▶ _What is needed_:
Your answer must be an exact transcription of the data, with every picture omitted.

▶ _Dataset excerpt_:
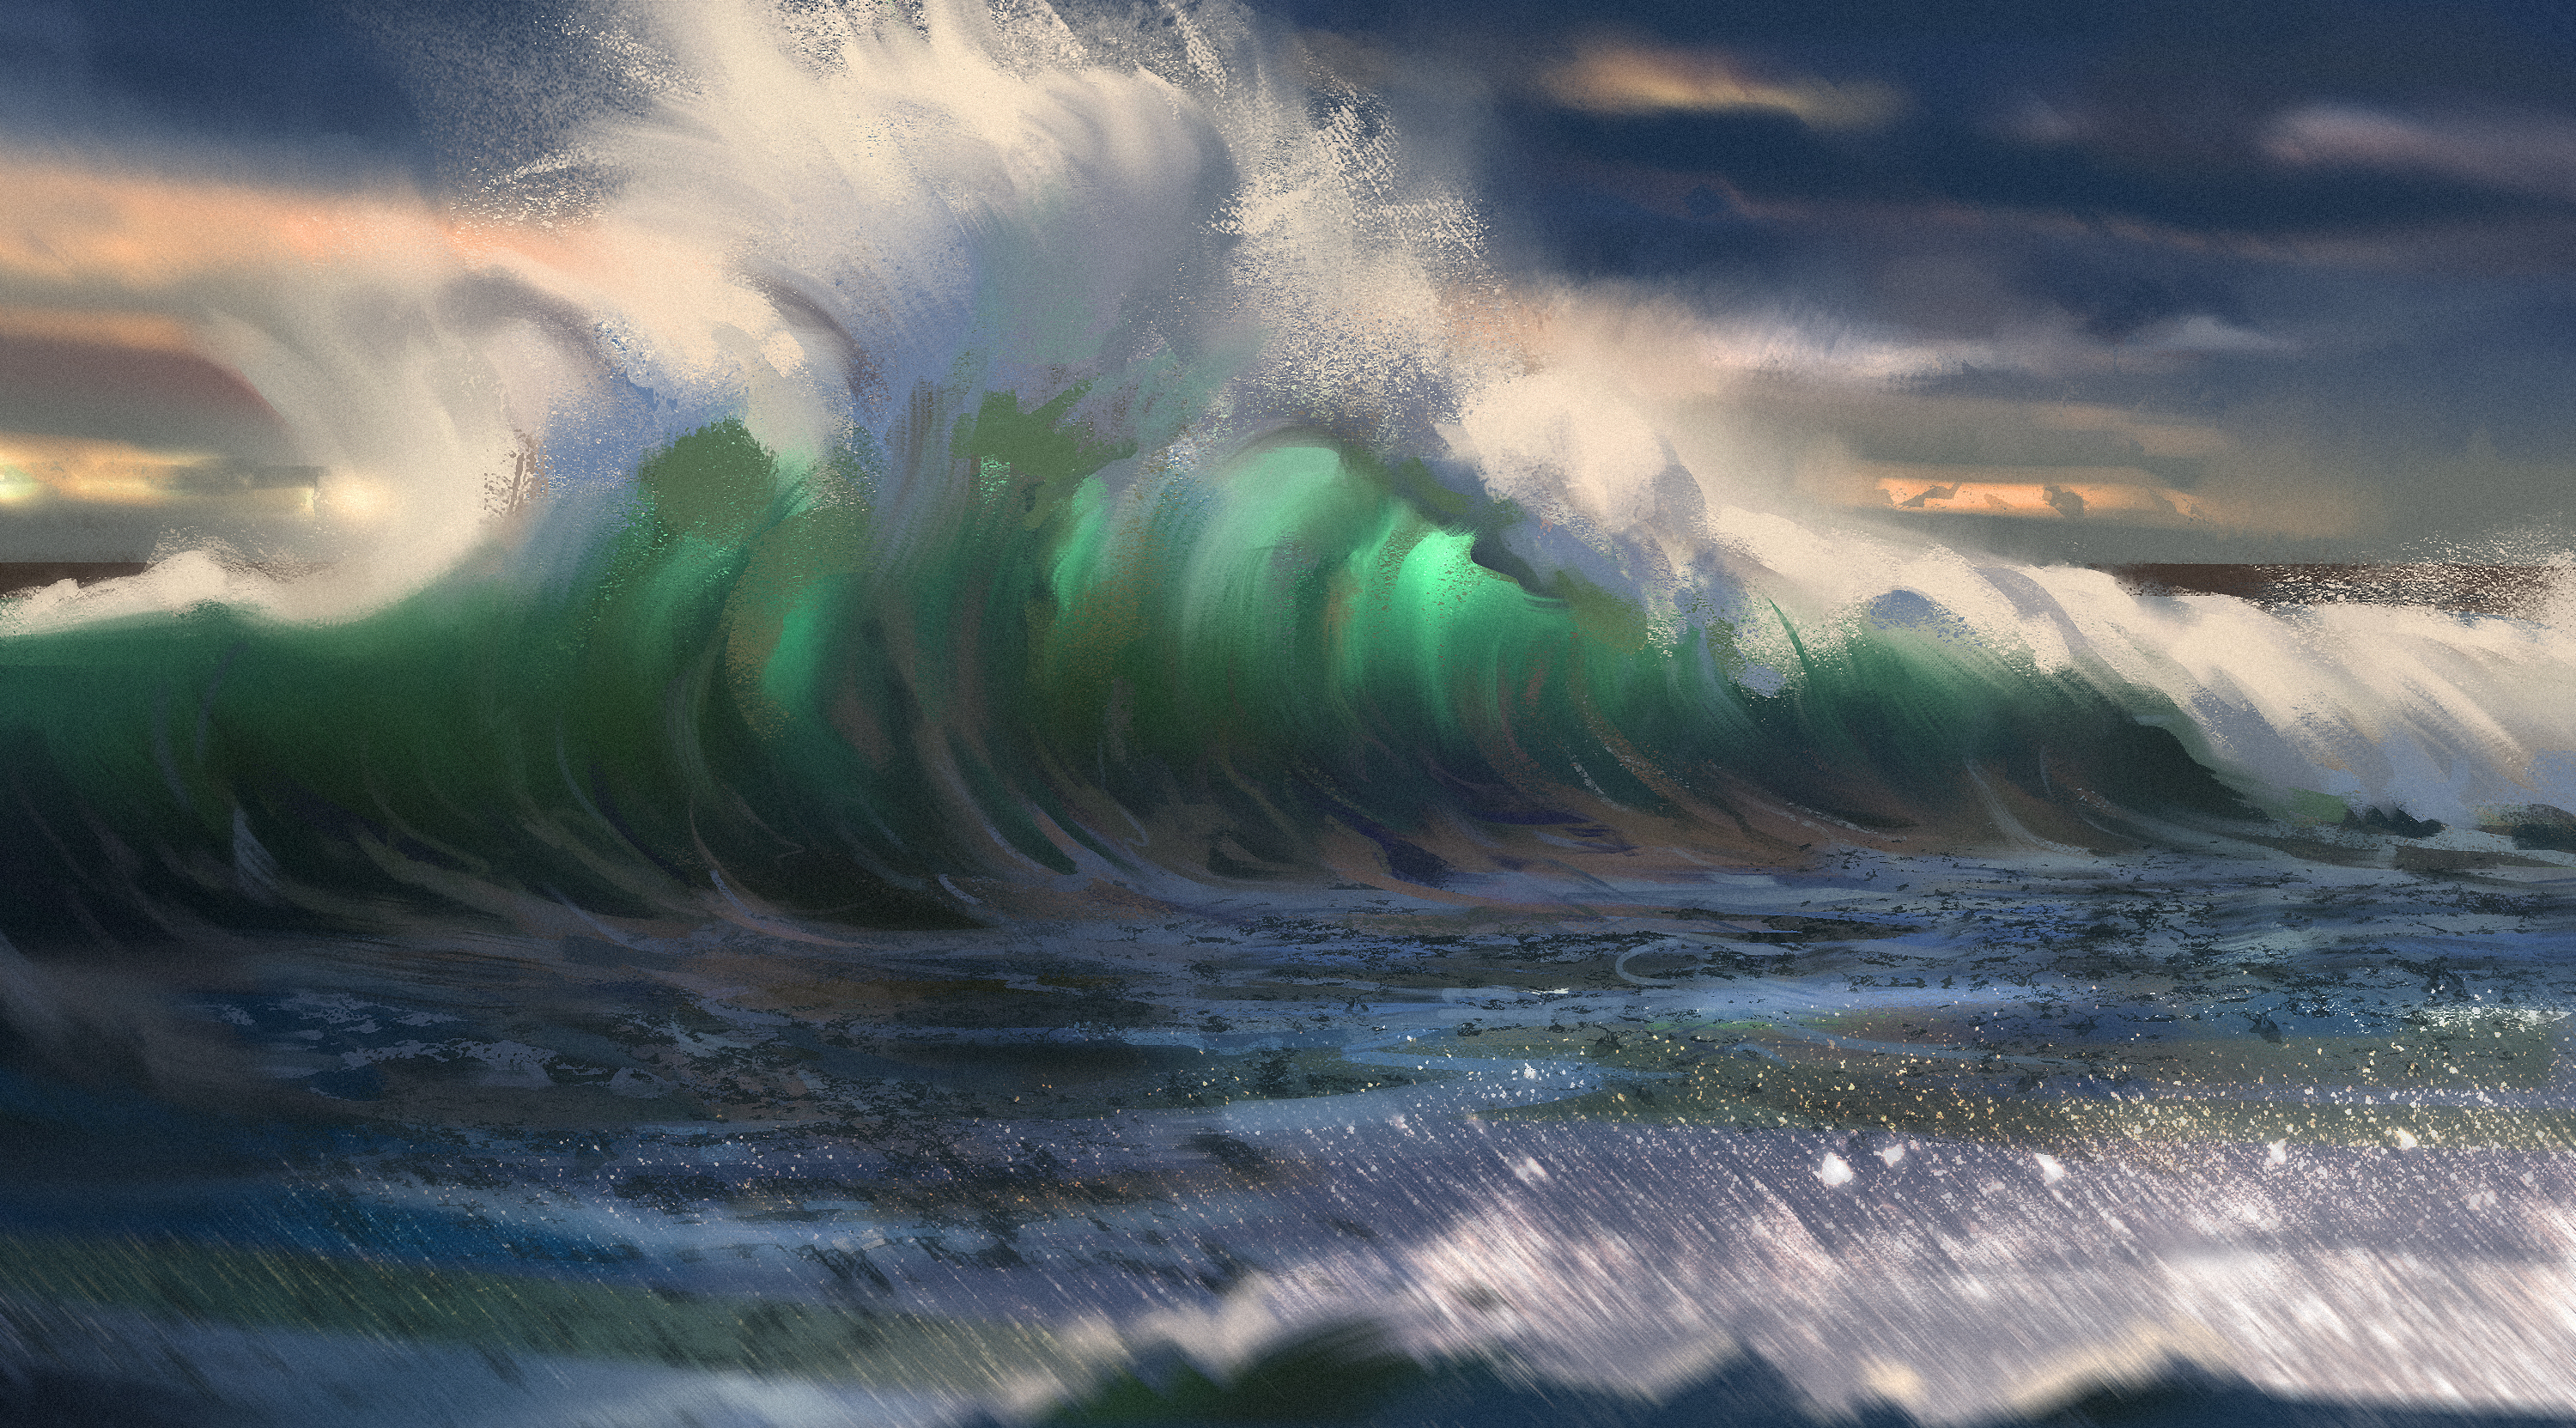 Painting of Ocean Wave by Marius Janusonis
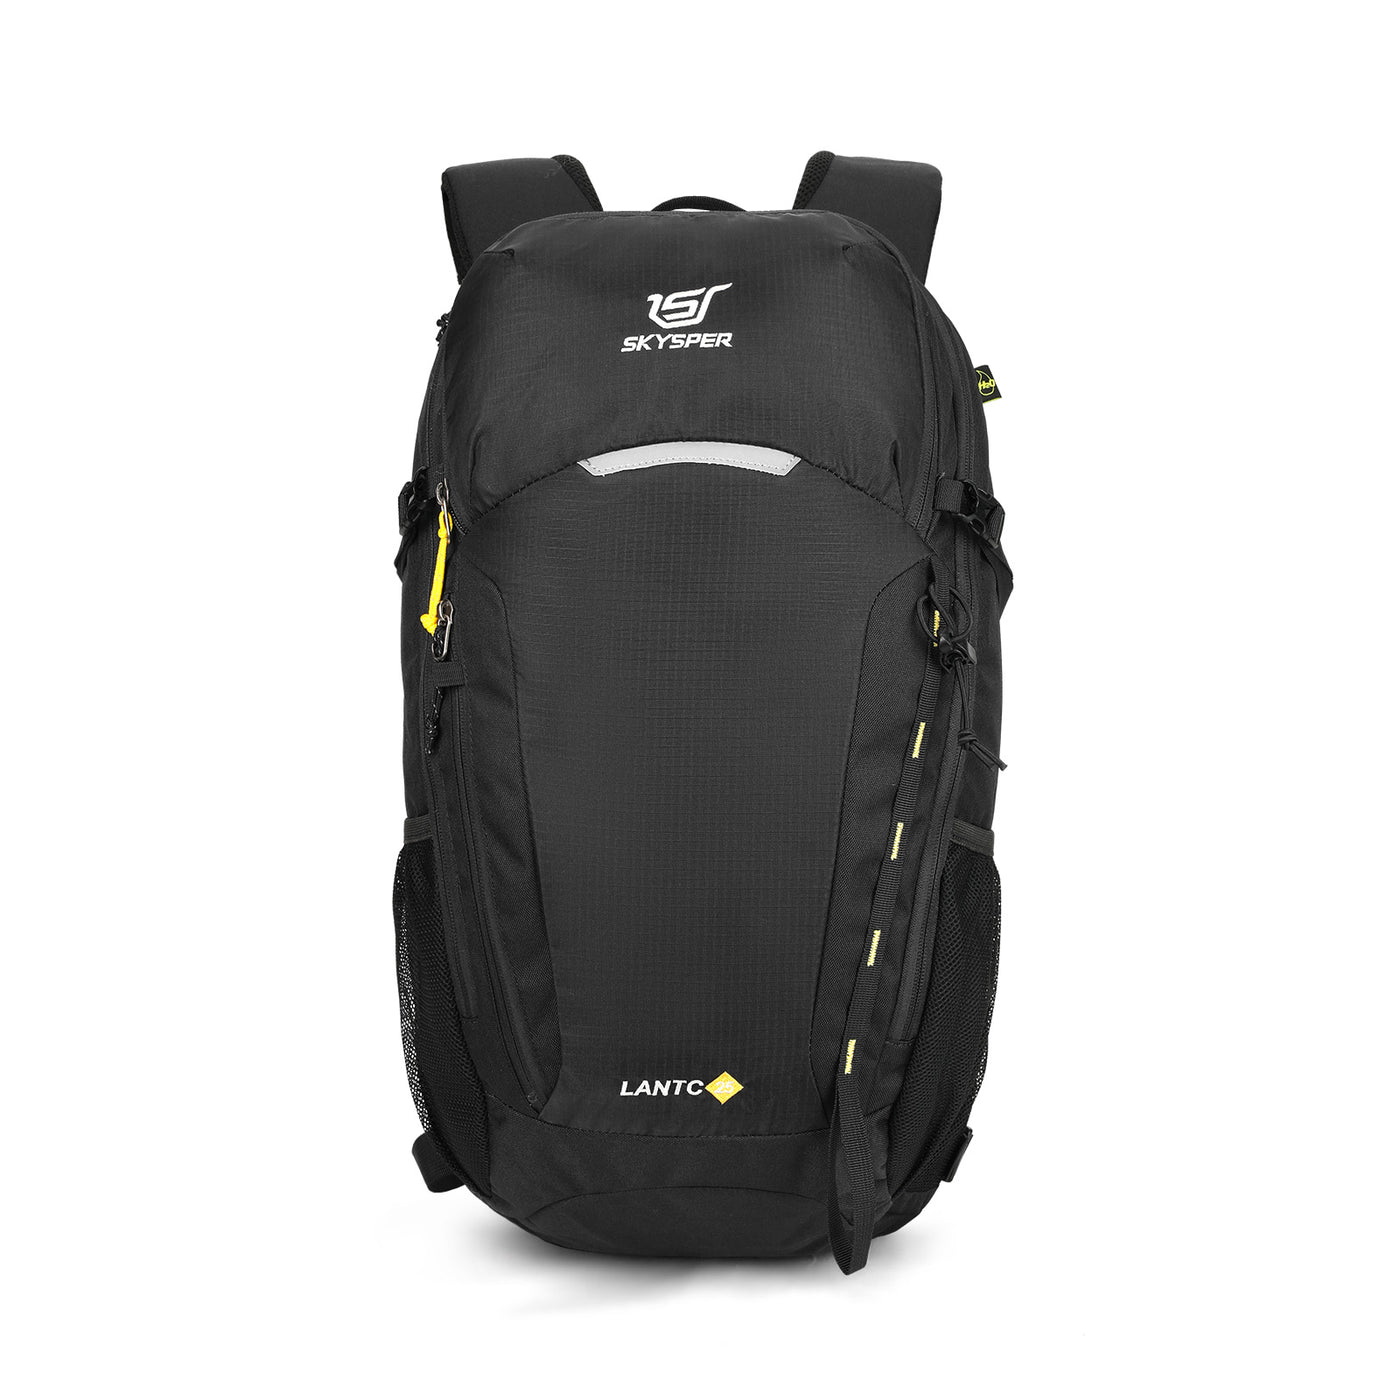 SKYSPER LANTC25L - Hiking Daypack Waterproof Backpack 25L
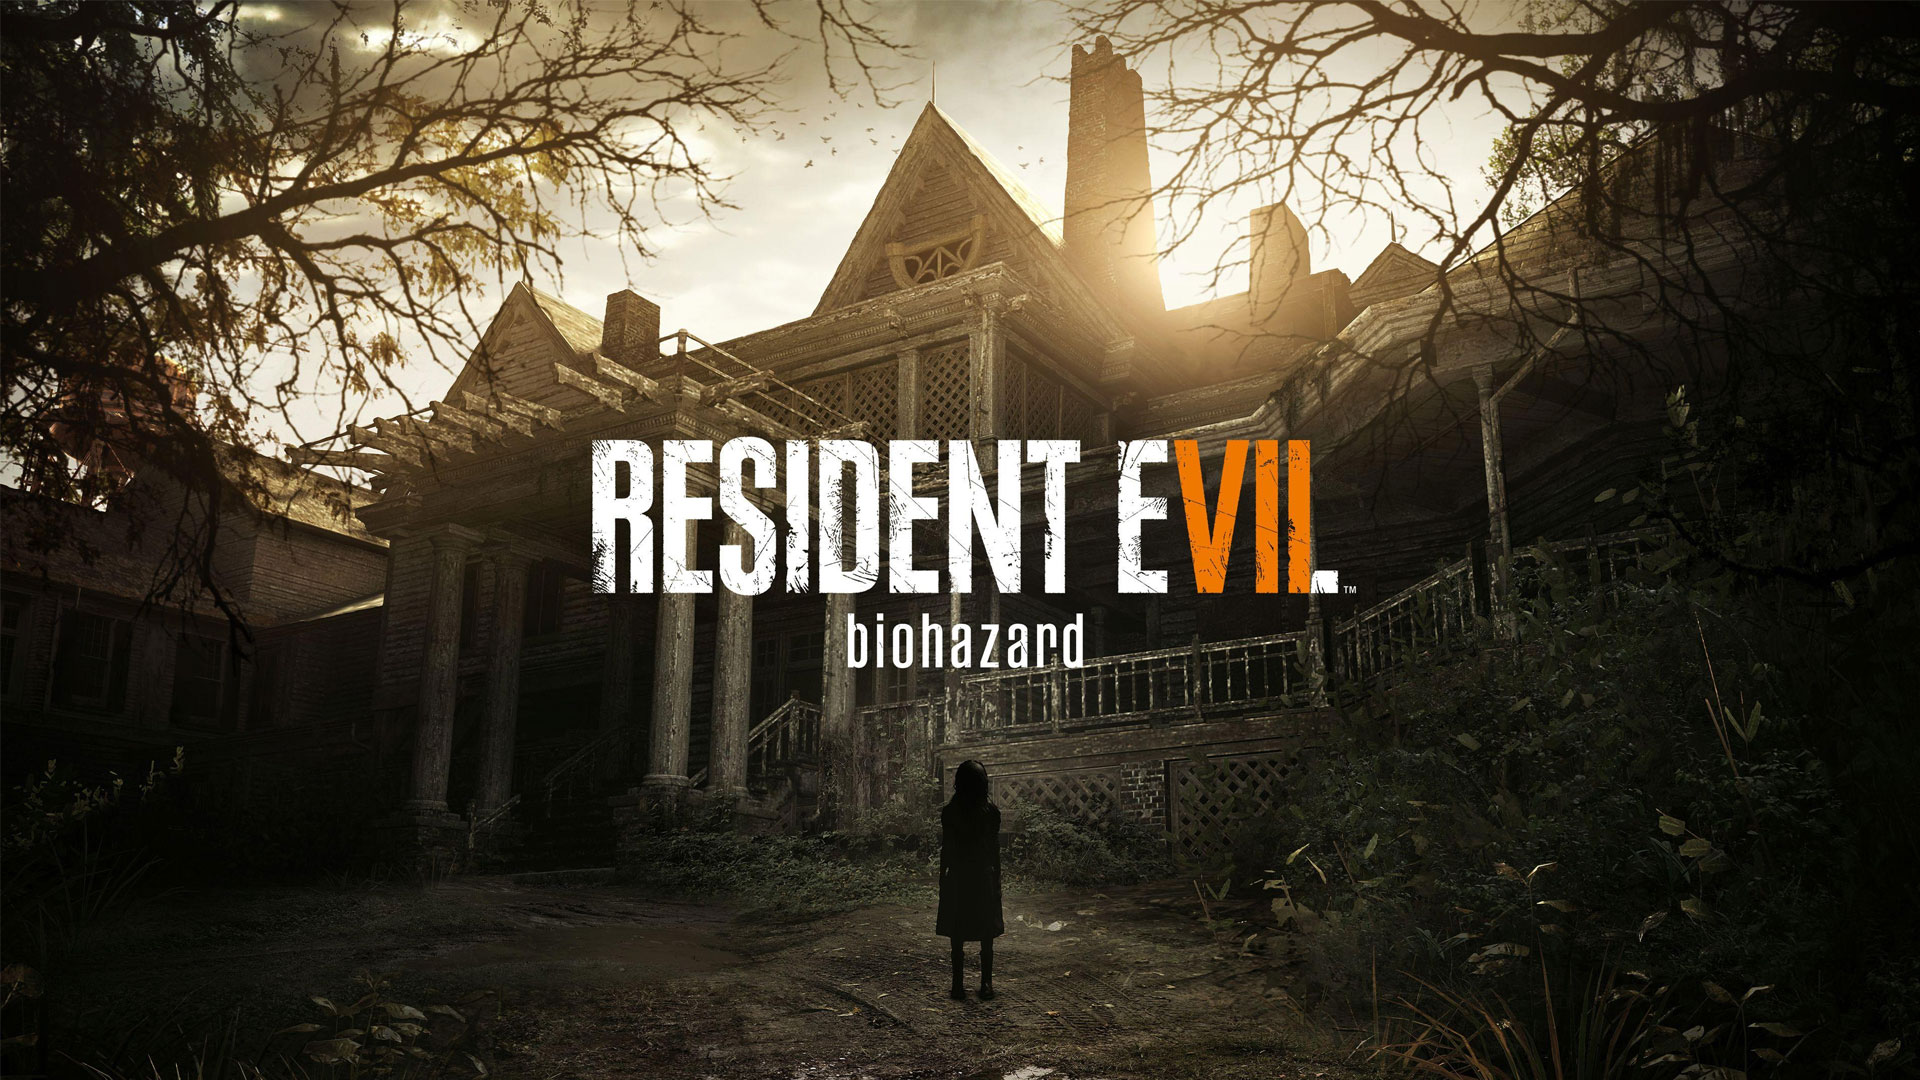 مرور خلاصه داستان بازی Resident Evil 7 با انتشار تریلری جدید

▶ _Response area_:
 Painting of Ocean Wave by Marius Janusonis
 SKYSPER LANTC25L - Hiking Daypack Waterproof Backpack 25L
 مرور خلاصه داستان بازی Resident Evil 7 با انتشار تریلری جدید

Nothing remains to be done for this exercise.